FIG = att_line_plot(pop_under_british_df_clean['Census year'],pop_under_british_df_clean['Population'],'Population Growth under British Raj','Year','Population in Millions')
iplot(FIG)

- Population increased by 63% in 70 years. Let's find the growth rate after independence.

In [120]:
FIG = att_line_plot(pop_per_decade_df_clean['Census year'],pop_per_decade_df_clean['Population'],'Population Growth after Independence','Year','Population in Billions')
iplot(FIG)

- In next 60 years population increased by 235%.
- From 1970 to 2010 population almost doubled to 1.2 Billion.
- Decade population growth rate was 1.77%.(2001 to 2010)

In [121]:
def bar_plot(X,Y,color_list,T,TP):
    trace = go.Bar(
        x = X,
        y = Y,
        text = T,
        textposition = TP,
        marker = dict(color = color_list,
                             line=dict(color='rgb(0,0,0)',width=1.5)))
    
    return trace

In [122]:
#assign color to each bar in bar plot
def assign_color(col,condn):
    colors = []
    for i in col:
        if i > condn:
            colors.append('rgba(222,45,38,0.8)')
        else:
            colors.append('rgba(204,204,204,1)')
    return colors

In [123]:
pop_dist_by_states_df_clean.sort_values(by = 'Population[51]',ascending = False,inplace = True)

colors_states = assign_color(pop_dist_by_states_df_clean['Population[51]'],100000000)
trace1 = bar_plot(pop_dist_by_states_df_clean['State/UT'],pop_dist_by_states_df_clean['Population[51]'],colors_states,T = None,TP = None)


largest_cities_df_clean.sort_values(by = 'population',ascending = False,inplace = True)
colors_bar = assign_color(largest_cities_df_clean['population'],largest_cities_df_clean['population'].mean())
trace2 = bar_plot(largest_cities_df_clean['city'],largest_cities_df_clean['population'],colors_bar,T = largest_cities_df_clean['state'],TP = None)

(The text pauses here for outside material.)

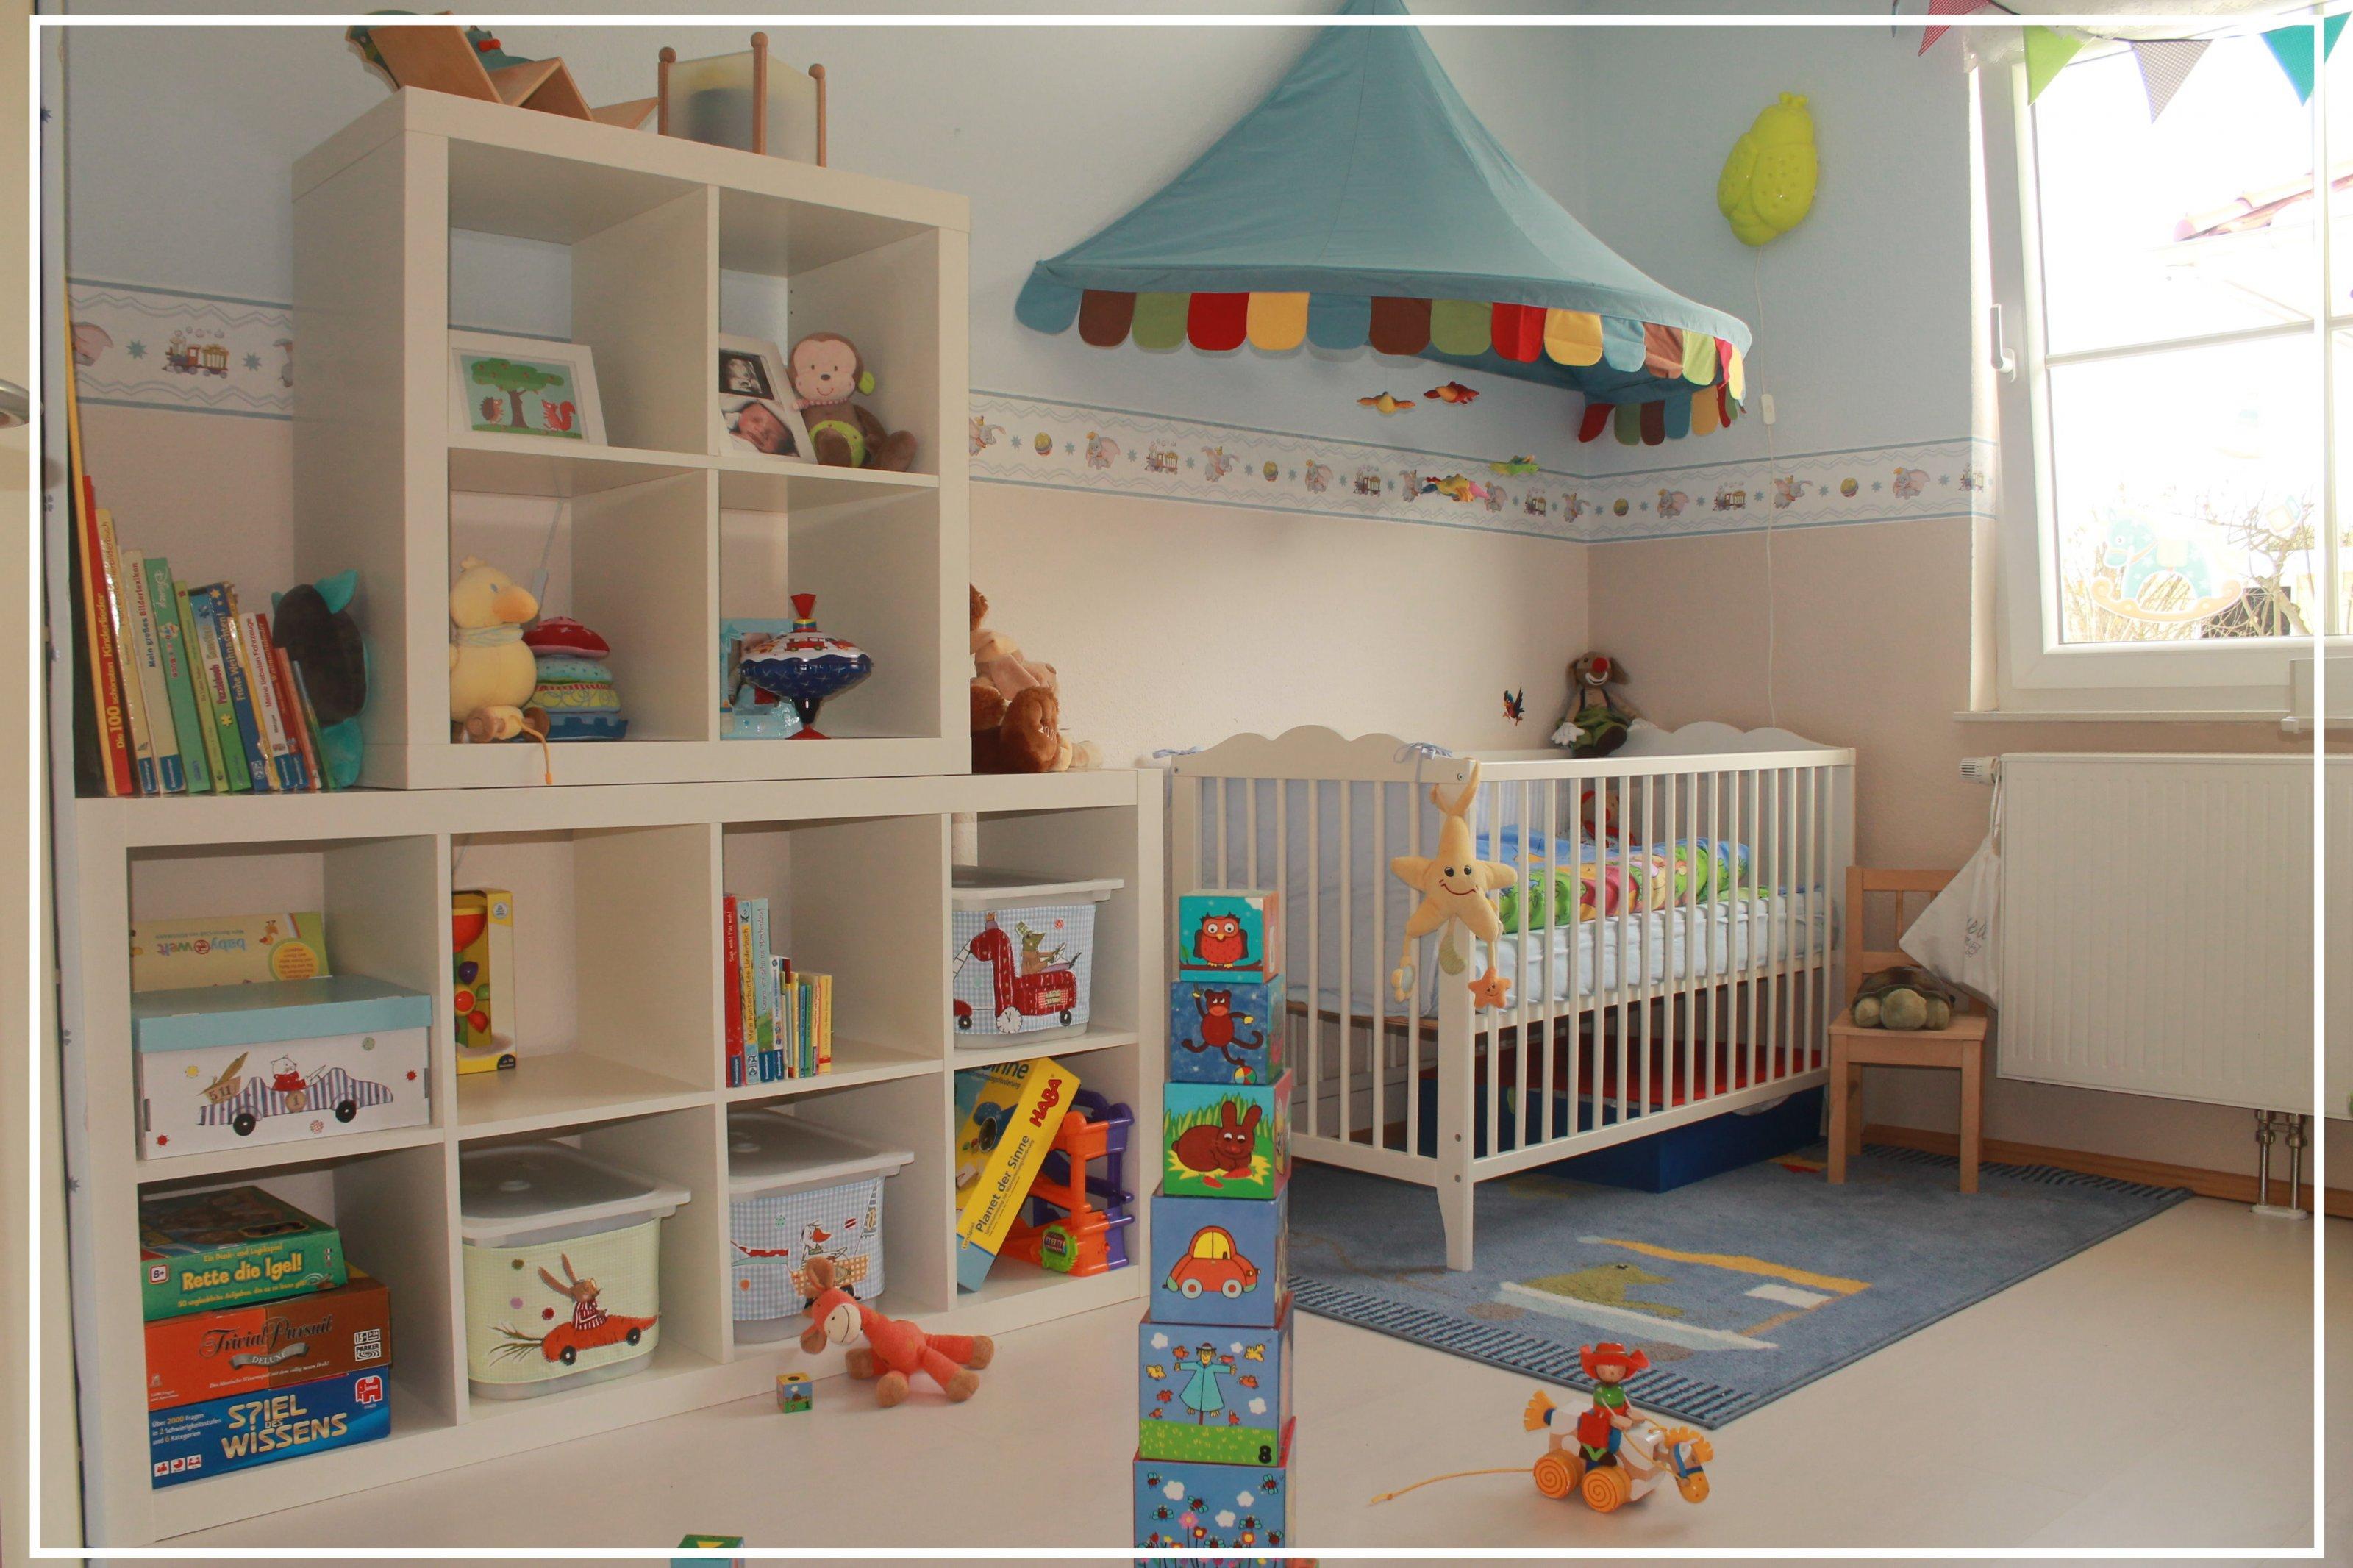 Kinderzimmer 39 babyzimmer kleinkindzimmer 39 unser zuhause for Kinderzimmer kleinkind

pop_dist_by_states_df_clean['Sex Ratio']=pop_dist_by_states_df_clean['Sex Ratio'].astype(int)
df = pop_dist_by_states_df_clean.sort_values(by = 'Sex Ratio',ascending = False)
colors_sexratio = assign_color(df['Sex Ratio'],1000)
trace3 = bar_plot(df['State/UT'],df['Sex Ratio'],colors_sexratio,T = None, TP = None)

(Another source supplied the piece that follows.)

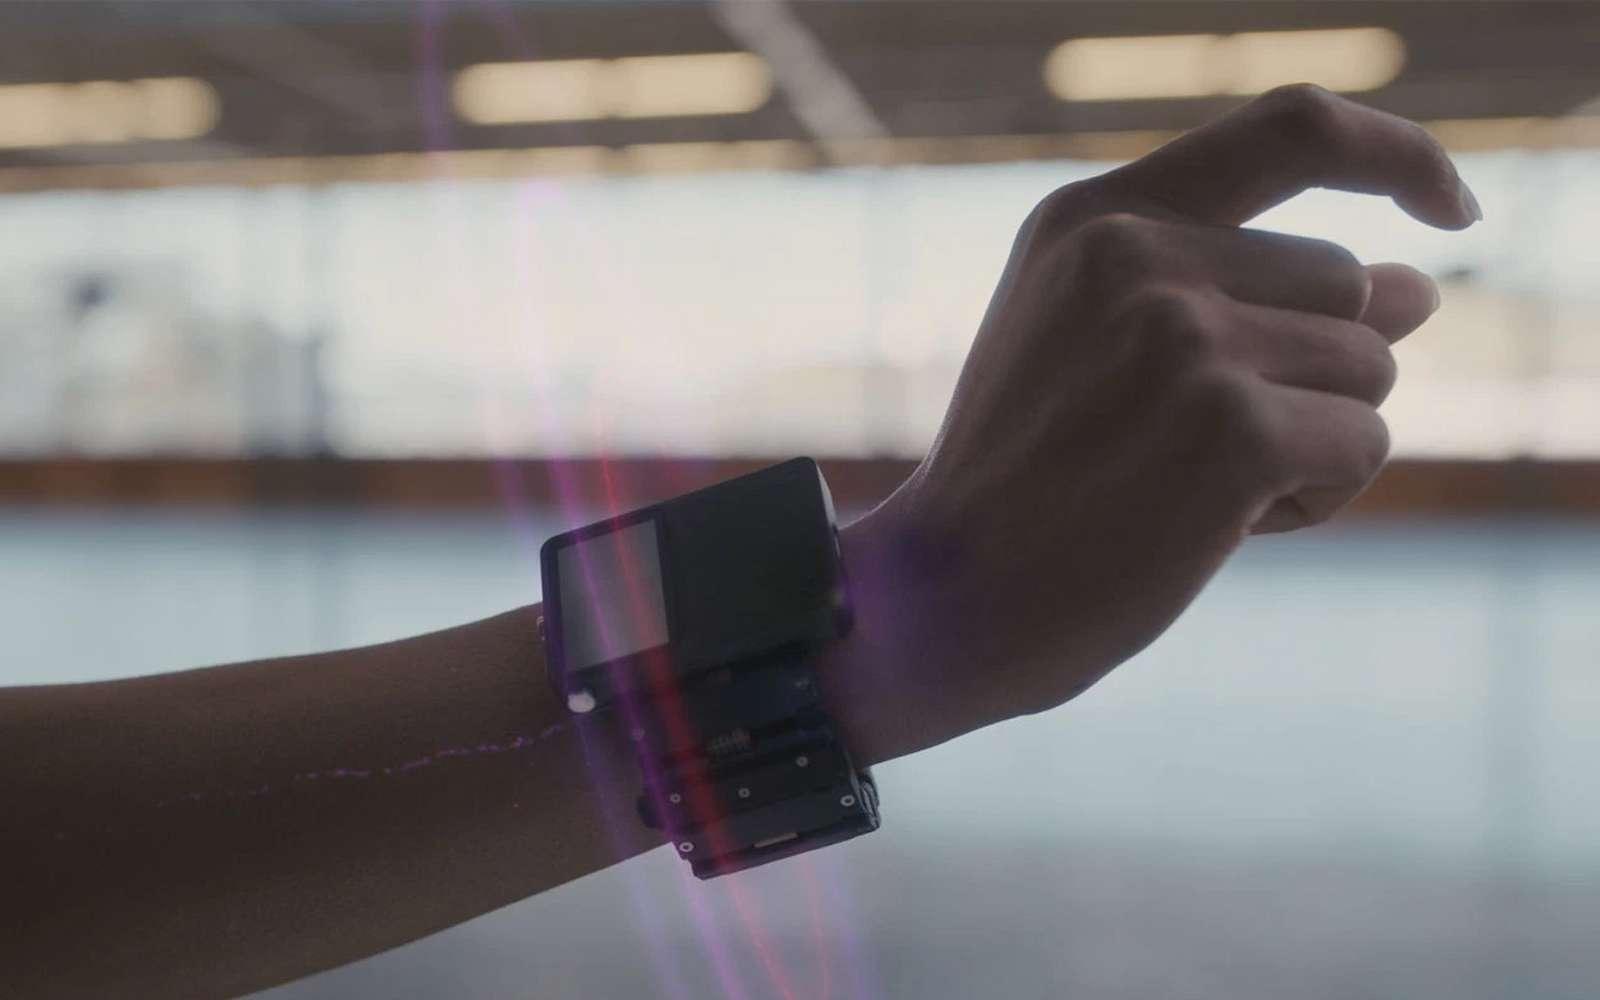 Plutôt que des manettes, Facebook travaille sur des bracelets neuronaux pour manipuler les objets virtuels. © Facebook

data = [trace1,trace2,trace3]

fig = tools.make_subplots(rows=3, cols=1, print_grid = False,subplot_titles=('Population distribution by States(2011)', 
                                                                             'Cities with largest Population(2011)',
                                                                              'Sex Ratio by States(2011)'))

fig.append_trace(trace1, 1, 1)
fig.append_trace(trace2, 2, 1)
fig.append_trace(trace3, 3, 1)


fig['layout']['yaxis1'].update(title='Population')
fig['layout']['yaxis2'].update(title='Population')
fig['layout']['yaxis3'].update(title='Sex Ratio')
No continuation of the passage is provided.